Context
FinLedge, a B2B payments company, runs 120 production data pipelines that ingest PostgreSQL CDC, S3 batch files, and Kafka events into Snowflake. Today, deployments are manual: Airflow DAGs, dbt models, and Spark jobs are pushed directly to production, causing broken dependencies, schema drift, and inconsistent rollback behavior.
You need to design a CI/CD pipeline for the data platform so engineering teams can safely test, deploy, and monitor changes to ETL/ELT workflows with minimal downtime.
Scale Requirements
- Pipelines: 120 production workflows, growing 10% per quarter
- Deploy frequency: 30-50 merges/day across DAGs, dbt, and Spark code
- Data volume: 8 TB/day batch + 150K events/sec streaming peak
- Latency targets: CI validation < 15 minutes; production deployment < 10 minutes; rollback < 5 minutes
- Environments: dev, staging, prod across AWS accounts
- Retention: CI artifacts and logs retained for 90 days
Requirements
- Design a CI/CD process for Airflow DAGs, dbt transformations, and Spark jobs using Git-based workflows.
- Validate code quality with unit tests, SQL tests, schema checks, and pipeline dependency validation before merge.
- Support environment-specific configuration, secrets management, and promotion from dev to staging to prod.
- Ensure idempotent deployments, safe rollback, and versioned artifacts for DAGs, container images, and dbt manifests.
- Prevent bad releases from corrupting downstream tables or breaking scheduled jobs.

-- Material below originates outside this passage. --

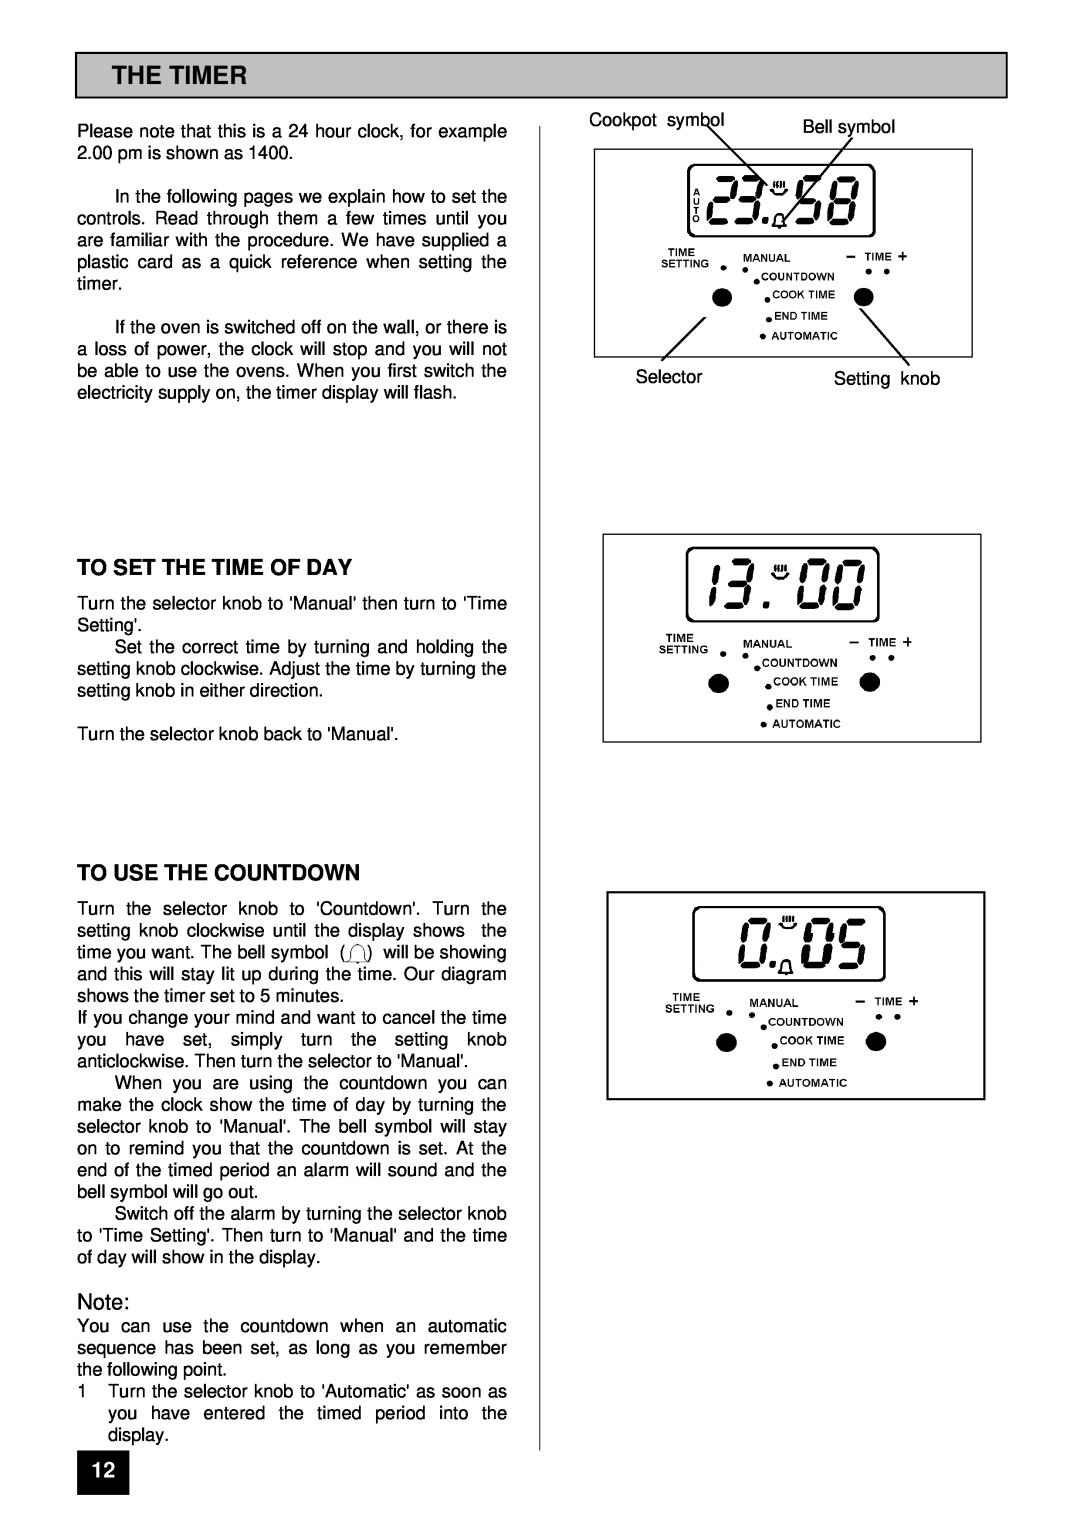 Zanussi ZCE ID manual The Timer, To Set The Time Of Day, To Use The Countdown 
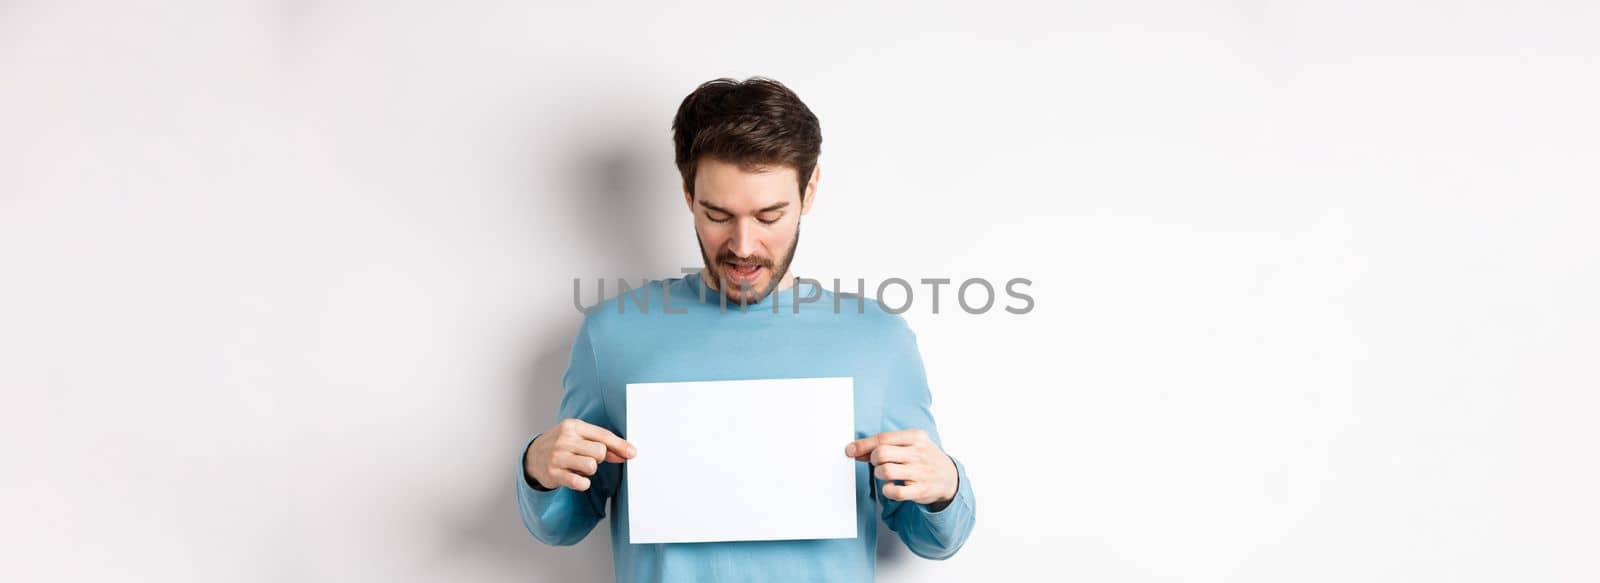 Excited bearded guy reading banner on blank piece of paper, showing logo, standing over white background.

- Include monitoring for deployment failures, data quality regressions, and runtime health after release.
- Support both batch and streaming jobs without pausing critical financial reporting pipelines.
Constraints
- AWS-first stack; existing services include MWAA, ECR, S3, EMR, and Snowflake
- Team has 5 data engineers and 1 platform engineer
- Monthly incremental tooling budget is capped at $15K
- SOX-style auditability is required for production changes
- Production secrets cannot be exposed in CI runners